As for the healthy eating; I have been scouring the newspapers and magazines for the latest ideas. Deliciously Ella is very last year now but Amelia Freer’s second book Cook. Nourish. Glow. seems to be very “of the minute”.  She is a Nutritional therapist and wants to completely re-educate the way you eat. She explains that we eat too much sugar, dairy, processed food and gluten. To summarise, somewhat briefly, she believes in buying good, seasonal, preferably organic produce and taking a little time to cook them at home. Good news for all my readers because that is exactly what you have been already doing for years. Not exactly rocket science!
But my personal diet message to myself as I get older, is all about re-hydration. There is no doubt as we age everything: our hair and nails and skin gets drier and moisturising from the inside as well as the outside can really help.  We are used to rubbing fatty moisturisers into our skin, but this is constantly at attack from the environment, so it would seem that it might be more effective to put the fats inside you, so that your body can do the job of lubricating you itself. Of course, by this I mean good fats rather than bad fats, namely Omega 3 fats, essential fatty acids.

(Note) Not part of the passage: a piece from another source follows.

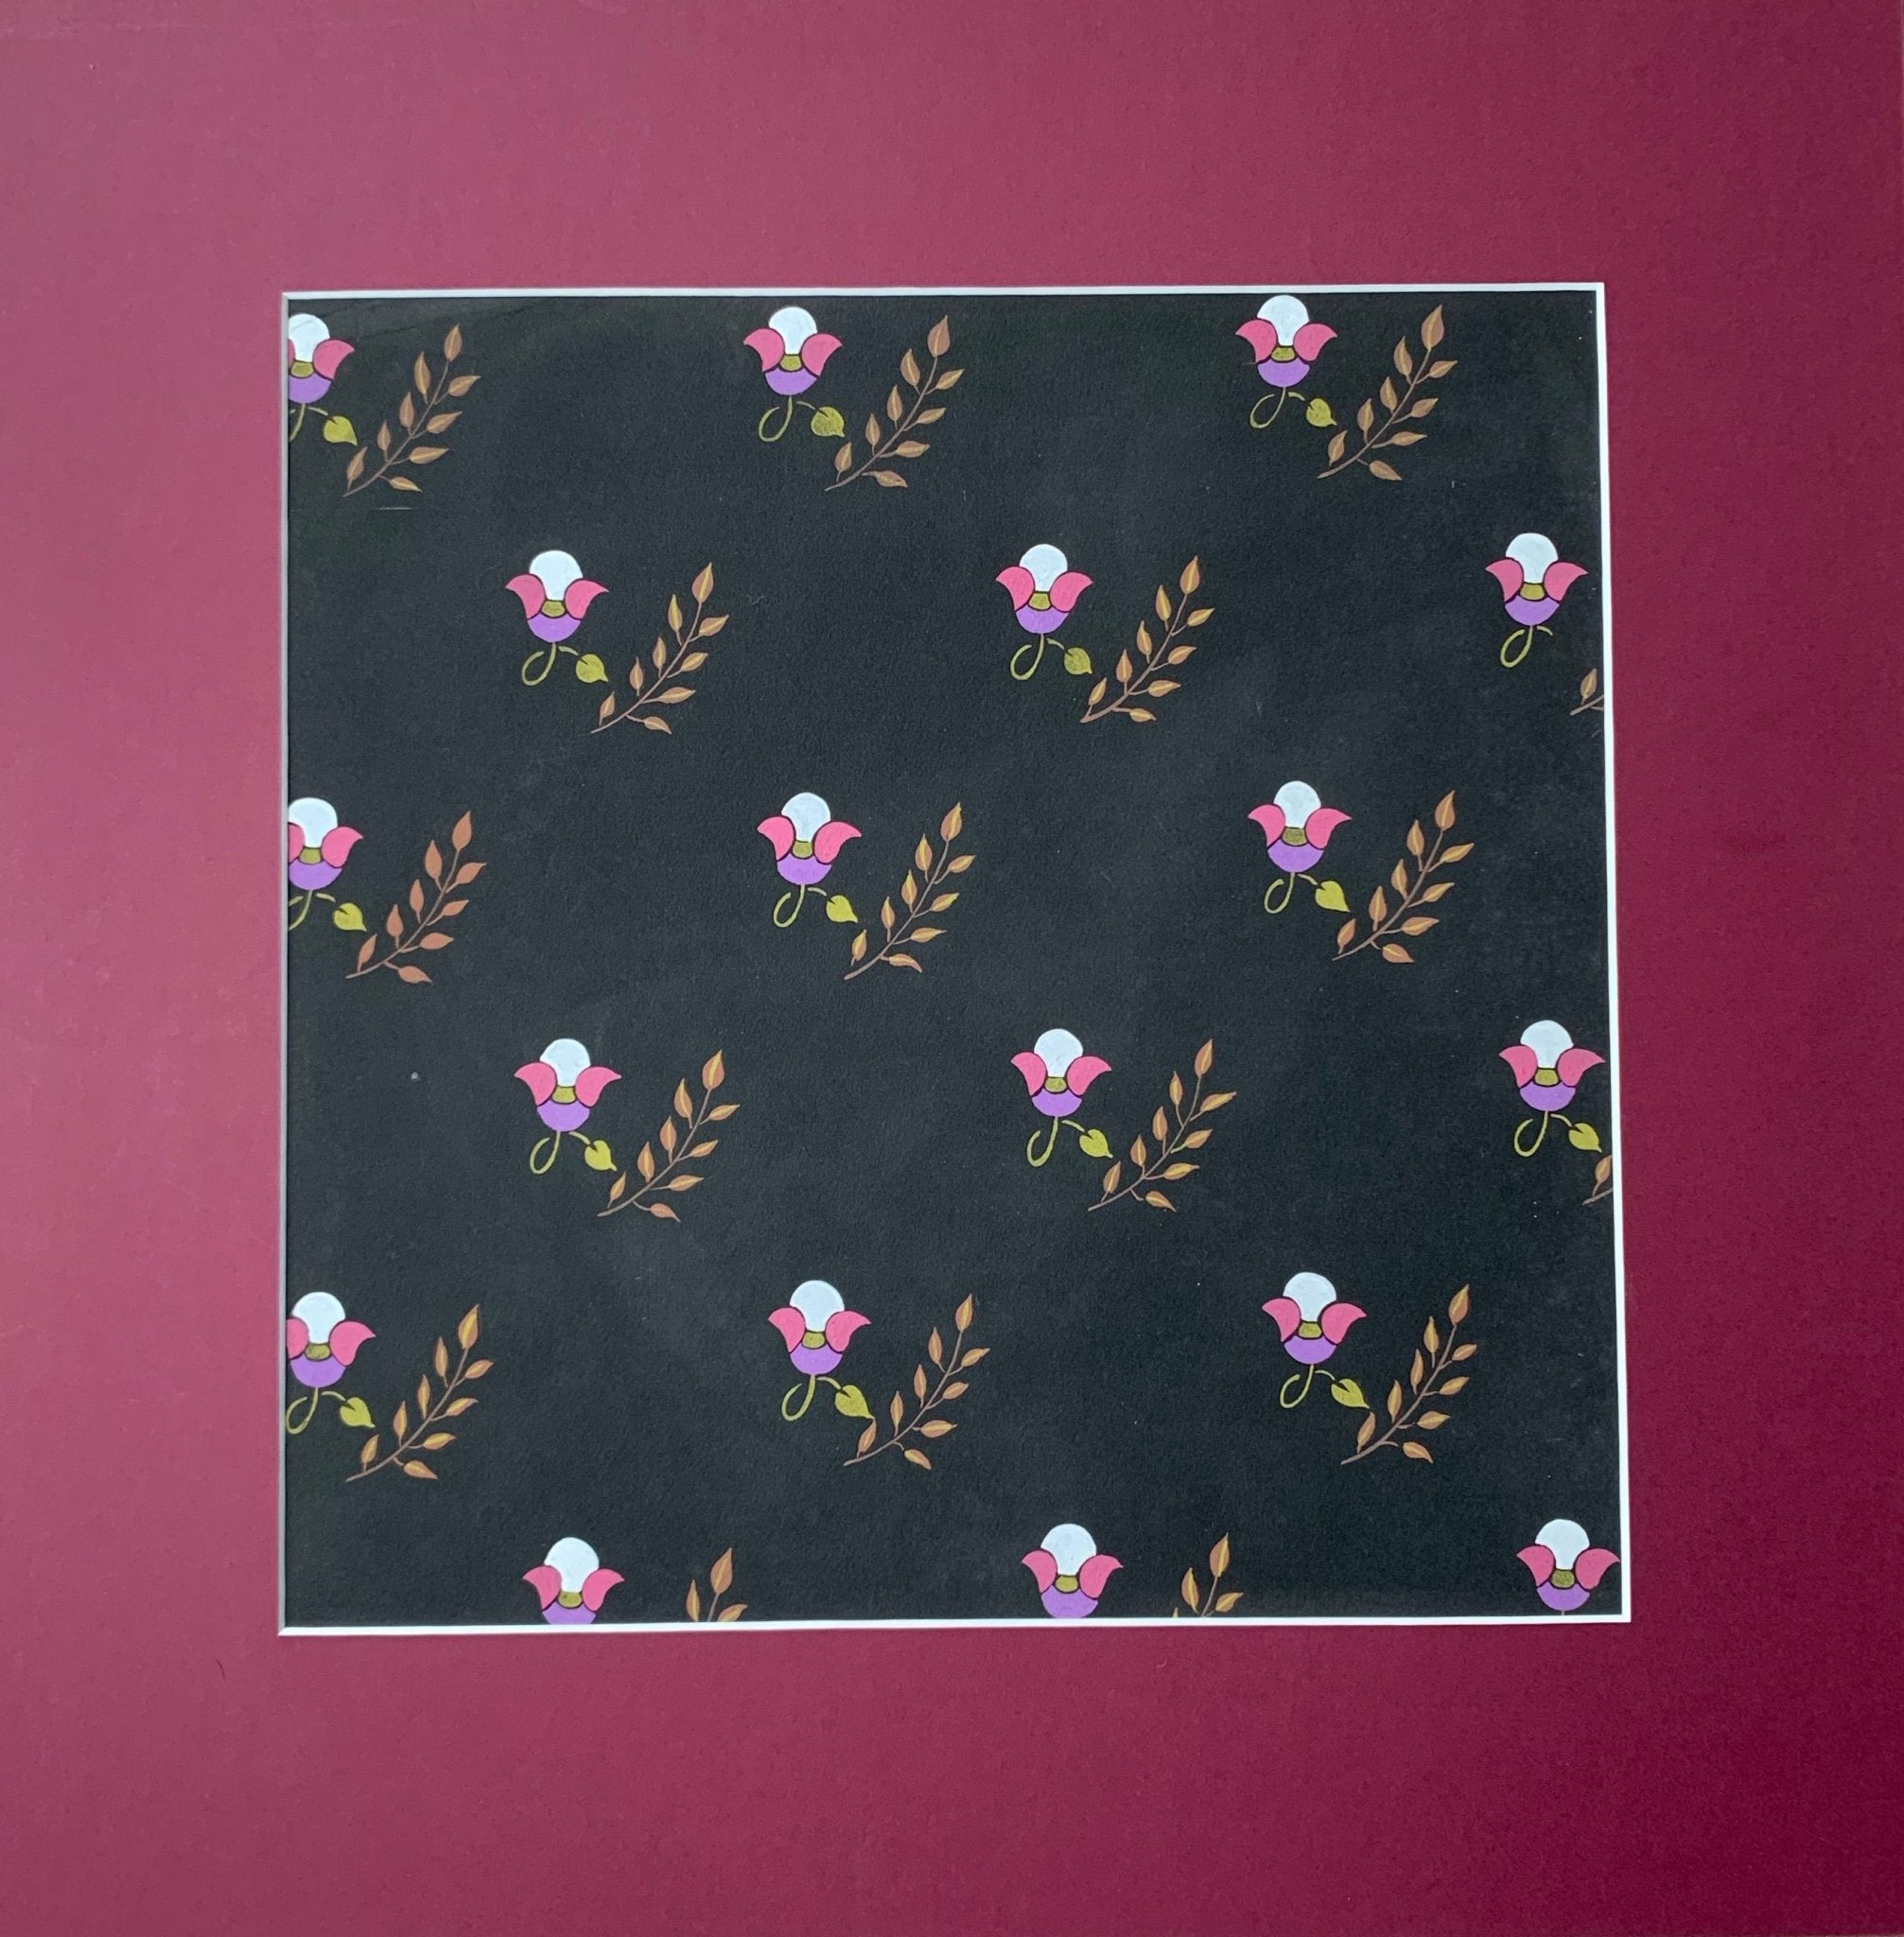 Deco roses textile design - Natalia Willmott

I think we all panic at this word, imagining that we have to consume bucket loads of sardines and mackerel to achieve our daily quota, but whilst fatty fish are clearly good for you, all sorts of vegetables, seeds and nuts are also excellent sources.
Here are a few to try and include in your diet
Flaxseeds
Walnuts
Beef
Brussel Sprouts
Cauliflower
Winter Squash
Broccoli
Kale
Spinach
Green Beans
Parsley
It is not only Omega 3 which provides good fats. Monounsaturated and Polyunsaturated fats are also good. A moderation of saturated fats are also acceptable from whole milk, coconut oil and grass-fed meat but tran-fats should be avoided at all costs in commercially baked goods, packaged snack foods, margarine and commercially prepared fried foods.
To make sure you are getting enough good fats (Monounsaturated and Polyunsaturated) stock up on avocados, olives, nuts (almonds, peanuts, macadamia nuts, hazelnuts, pecans, cashews and walnuts), seeds (sunflower, sesame and pumpkin seeds), flaxseed and fatty fish.
Luckily I had a couple of Avocados in my Riverford box this week, so I set about making up a new salad. I am particularly pleased with the salad dressing which turned out really creamy and fresh. I just used tarragon, which always goes well with chicken and some basil for added zing. 
I also like chicken cooked in this butterflied method as it cooks in minutes, as it is so thin, and stays really juicy and tender. Finally, of course you can add any other vegetables you have to hand and your salad leaves are up to you too. I used a mixture of rocket, watercress and a few sprigs of mint. So get hydrating!


Grilled Chicken with Almond Dressing, Avocado and Vegetable Salad
Dressing
50g almonds, soaked
A few sprigs of what herbs you fancy – coriander, basil, parsley or
tarragon, leaves picked
100ml extra virgin olive oil
2 x 150g chicken breasts
Zest of a lemon
Dried oregano
Extra virgin olive oil
Mixed salad leaves and maybe a few sprigs of herbs
1 bulb fennel
1 carrot
1 small courgette
1 ripe avocado
Sea salt and freshly ground black pepper
lemon wedges, to serve
For the dressing drain the almonds, add the olive oil, the herbs, a good pinch of salt and pepper and some water and puree with a hand blender until smooth and creamy. Add more water to get a good consistency and check for seasoning.
Take each chicken breast and cut it through the from one side to the other, stopping just short of the edge. This is difficult to explain so please follow link. Unfold the chicken breast and lay flat. Season with salt and pepper, dried oregano and lemon zest on both sides. Drizzle with olive oil.
Shave the fennel, courgette and carrot with a mandolin. Peel and thinly slice the avocado. Dress the salad and shaved vegetables with a little olive oil and a small pinch of salt. Arrange on plates. Heat a griddle pan of just a large frying pan. Arrange the avocado on the plates with the salad. Grill the chicken on both sides until just cooked. Place on top of the salad. Drizzle with almond dressing and serve with a wedge of lemon.